Who am I to write children’s books? By the world’s standards, I am not eloquent, beautiful, successful or popular. There is nothing about me that would make people take note of me. And yet God has given me a purpose.

He has allowed circumstances and experiences, people and positioning, dreams and dares to coalesce into writing books for children and youth.

I can’t boast about my degrees, my strategic plan or my insider knowledge. I don’t have any of that. I can’t brag that I knew just the right time to start writing or found just the right agent or discovered the key to being a best-selling author because none of that is true.

When God dropped the idea for my first book into my mind I had a thirty-year-old college diploma, no plan and zero strategy. I published my first book in the fear-riddled, housebound world of 2020. I don’t have an agent and I’ve never been close to a best-seller list.

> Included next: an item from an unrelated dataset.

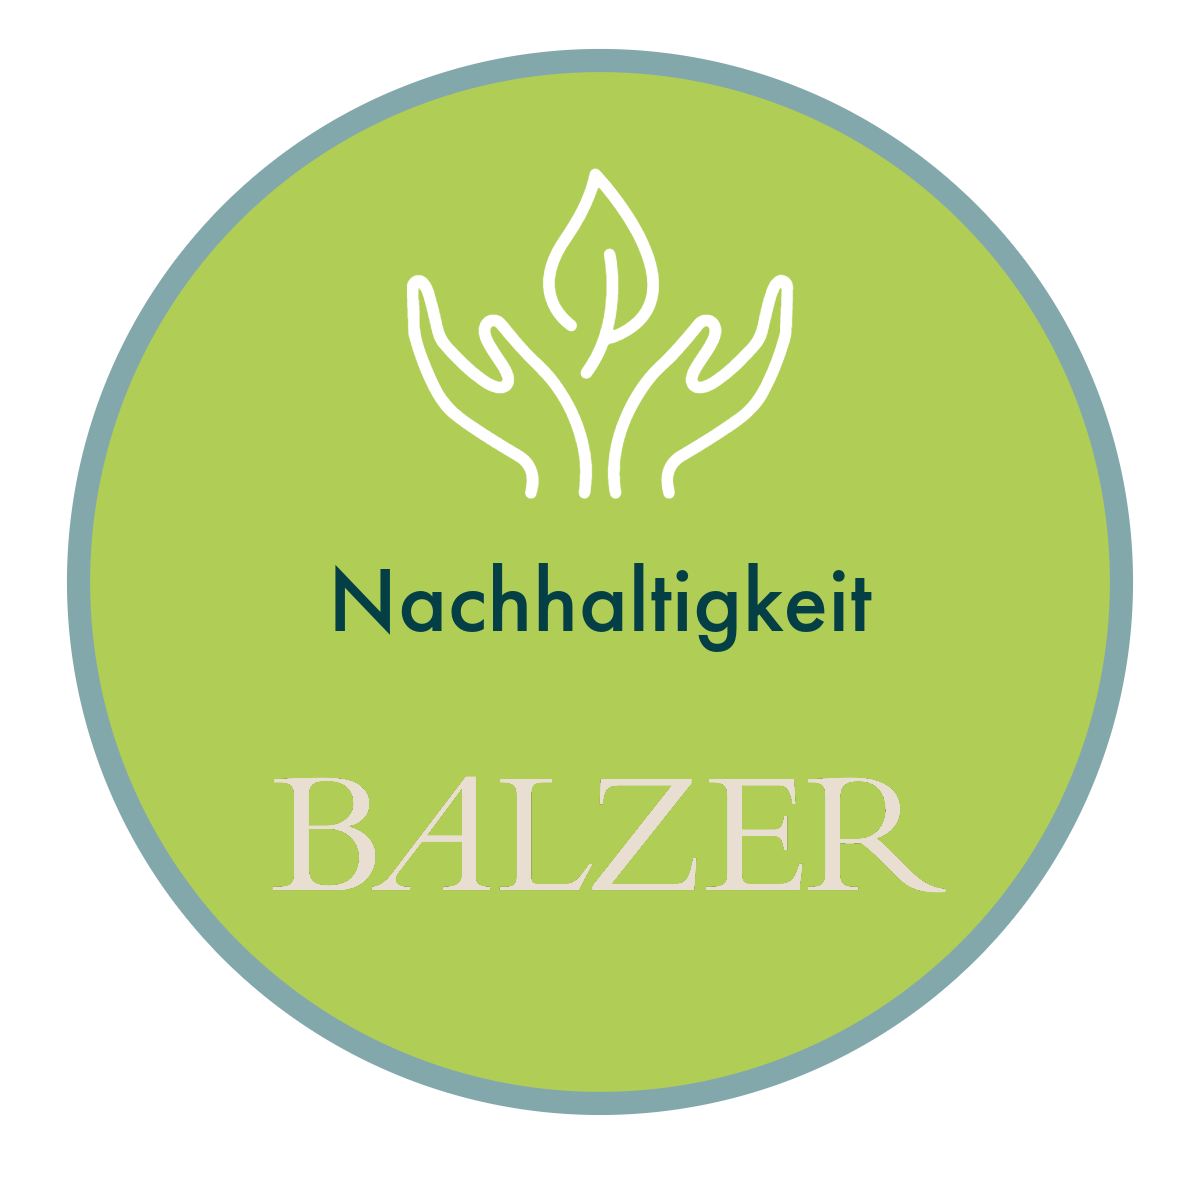 BALZER-Signet-für-Nachhaltigkeit

But none of that matters to God. My books aren’t written and published because I’m so good but because He is. He has led me to a publisher whose sole mandate is to develop good books for middle-grade kids. That’s it. No hidden agenda. Just good, clean stories with traditional values. Things like honesty, compassion, empathy, the power of family, kindness and integrity. I feel honoured to be part of that work and humbled that God can use someone like me to reach kids.

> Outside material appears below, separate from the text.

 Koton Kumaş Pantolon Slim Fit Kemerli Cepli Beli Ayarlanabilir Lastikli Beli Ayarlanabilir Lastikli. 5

And I guess that’s the point. God can use anyone to accomplish His purposes. You don’t have to be well-connected, attractive, rich or educated. Often, it’s best if you aren’t. Sometimes those things can lead us into believing in our own self-sufficiency, thinking that we have all the answers and our goals are well deserved and always within reach. That kind of thinking doesn’t leave much room for the sovereignty of God.

And since His ways are higher than our ways and His plans so much better than anything we can dream up, I think we are far better off placing ourselves in His hands than trying to figure this whole thing out by ourselves.